Boer farms were destroyed by the British under their "Scorched Earth" policy, including the systematic destruction of crops, the slaughtering or removal of livestock, and the burning down of homesteads and farms in order to prevent the Boers from resupplying themselves from a home base.[7][page needed] As this happened, many tens of thousands of men, women, and children were forcibly moved into camps.[8][9] Eventually, authorities built a total of 45 tented camps for Boer internees and 64 additional camps for Black Africans. The vast majority of Boers who remained in the local camps were women and children. Between 18,000 and 26,000 Boers perished in these concentration camps due to diseases.[10]

The camps were very poorly administered from the outset, and they became increasingly overcrowded when Lord Kitchener's troops implemented the internment strategy on a vast scale.
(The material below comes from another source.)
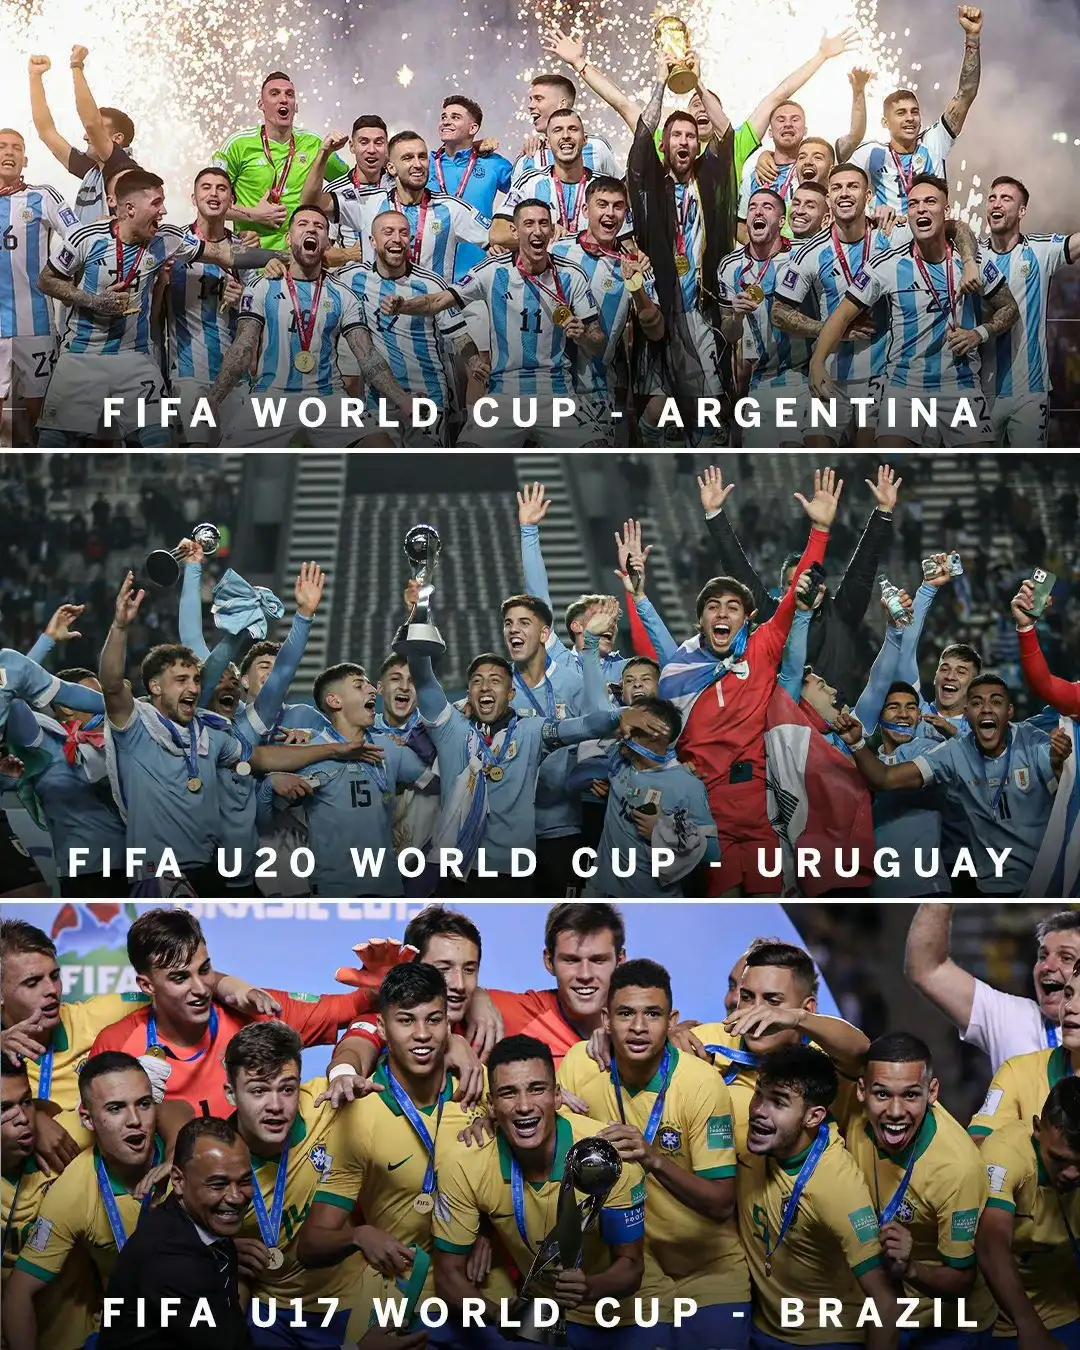 谁说南美足球不行的，他们拿到所有级别冠军。

去年阿根廷是世界杯冠军。

刚刚乌(1)

Conditions were terrible for the health of the internees, mainly due to neglect, poor hygiene, and bad sanitation.[11] The supply of all items was unreliable, partly because of the constant disruption of communication lines by the Boers. The food rations were meager, and there was a two-tier allocation policy, whereby families of men still fighting were routinely given smaller rations than others.[12] The inadequate shelter, poor diet, bad hygiene, and overcrowding led to malnutrition and endemic contagious diseases such as measles, typhoid, and dysentery, to which the children were particularly vulnerable.[13] Many internees died due to a shortage of up-to-date medical facilities and medical mistreatment.[14]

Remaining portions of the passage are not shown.